If we run this against our simple2.xml file, we get the following result:
java
-classpath "%CLASSPATH%;." SimpleSAXParser2 simple2.xml Following fatal error occured during parsing: org.xml.sax.SAXParseException: Expected "</duration>" to terminate element start ing on line 5. at org.apache.crimson.parser.Parser2.fatal(Parser2.java:3182) at org.apache.crimson.parser.Parser2.fatal(Parser2.java:3176) at org.apache.crimson.parser.Parser2.maybeElement(Parser2.java:1513) at org.apache.crimson.parser.Parser2.content(Parser2.java:1779) at org.apache.crimson.parser.Parser2.maybeElement(Parser2.java:1507) at org.apache.crimson.parser.Parser2.content(Parser2.java:1779) at org.apache.crimson.parser.Parser2.maybeElement(Parser2.java:1507) at org.apache.crimson.parser.Parser2.content(Parser2.java:1779) at org.apache.crimson.parser.Parser2.maybeElement(Parser2.java:1507) at org.apache.crimson.parser.Parser2.parseInternal(Parser2.java:500) at org.apache.crimson.parser.Parser2.parse(Parser2.java:305) at org.apache.crimson.parser.XMLReaderImpl.parse(XMLReaderImpl.java:442) at javax.xml.parsers.SAXParser.parse(SAXParser.java:345) at javax.xml.parsers.SAXParser.parse(SAXParser.java:143) at SimpleSAXParser2.main(SimpleSAXParser2.java:98) Parsing will stop. Parsing error: org.xml.sax.SAXParseException: Expected "</duration>" to terminate element start ing on line 5. at org.apache.crimson.parser.Parser2.fatal(Parser2.java:3182) at org.apache.crimson.parser.Parser2.fatal(Parser2.java:3176) at org.apache.crimson.parser.Parser2.maybeElement(Parser2.java:1513) at org.apache.crimson.parser.Parser2.content(Parser2.java:1779) at org.apache.crimson.parser.Parser2.maybeElement(Parser2.java:1507) at org.apache.crimson.parser.Parser2.content(Parser2.java:1779) at org.apache.crimson.parser.Parser2.maybeElement(Parser2.java:1507) at org.apache.crimson.parser.Parser2.content(Parser2.java:1779) at org.apache.crimson.parser.Parser2.maybeElement(Parser2.java:1507) at org.apache.crimson.parser.Parser2.parseInternal(Parser2.java:500) at org.apache.crimson.parser.Parser2.parse(Parser2.java:305) at org.apache.crimson.parser.XMLReaderImpl.parse(XMLReaderImpl.java:442) at javax.xml.parsers.SAXParser.parse(SAXParser.java:345) at javax.xml.parsers.SAXParser.parse(SAXParser.java:143) at SimpleSAXParser2.main(SimpleSAXParser2.java:98)

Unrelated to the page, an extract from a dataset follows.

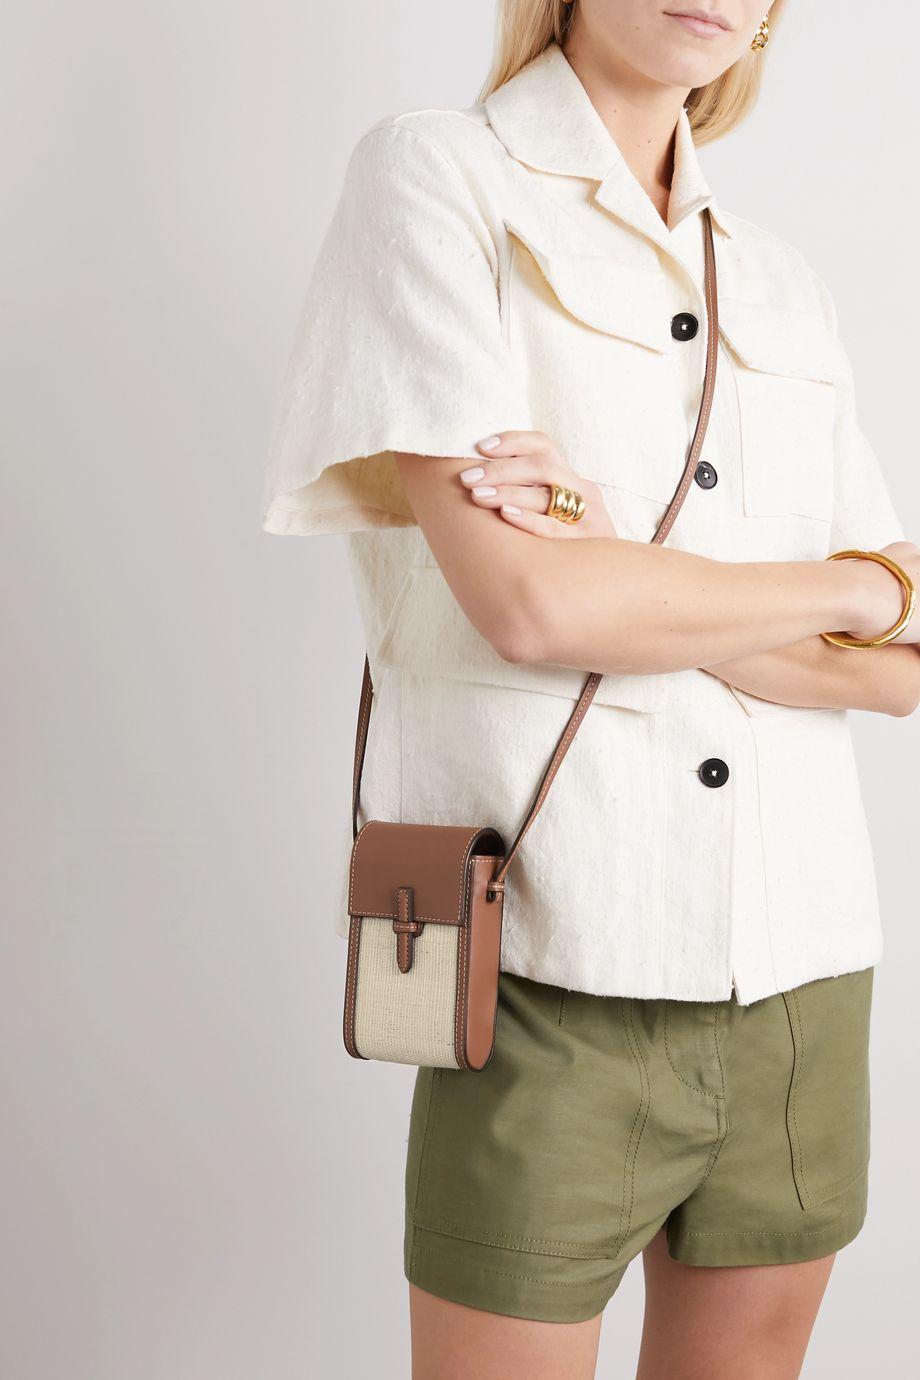 Hunting Season Leather and raffia shoulder bag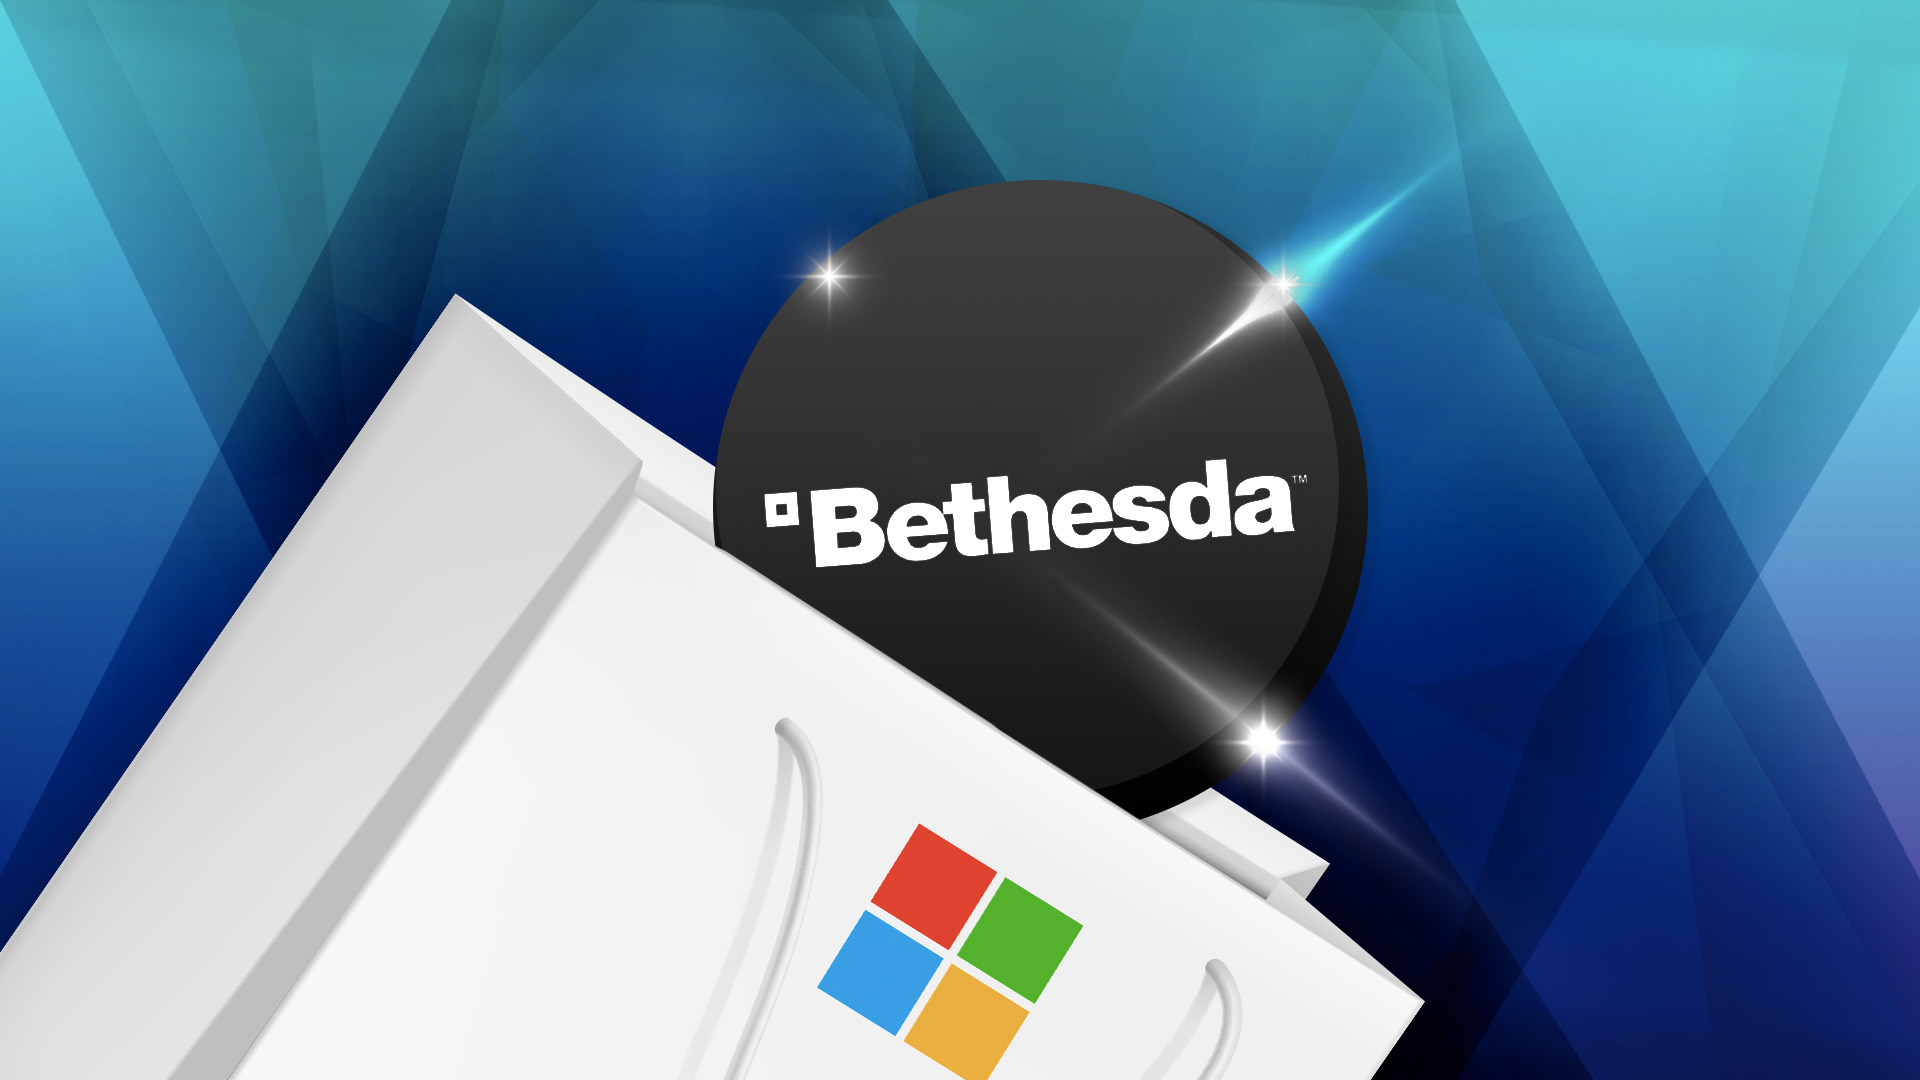 Microsoft, Microsoft Corporation, übernahme, Bethesda, Zenimax, Purchase

Maybe you didn’t see that one coming, but indeed the error we have introduced was a fatal error – the duration tag not being closed destroyed the whole DOM model (after all, could YOU tell at this point based on this XML document whether the intention was to include another duration tag inside the duration tag, which in turn was meant to have another files, session and so on tags inside, or was it the case that we just wanted to append another duration tag after having closed the first one or is it simply that a / is missing?) – which means in turn that parsing cannot continue anymore as the parser can’t figure out in which state it is.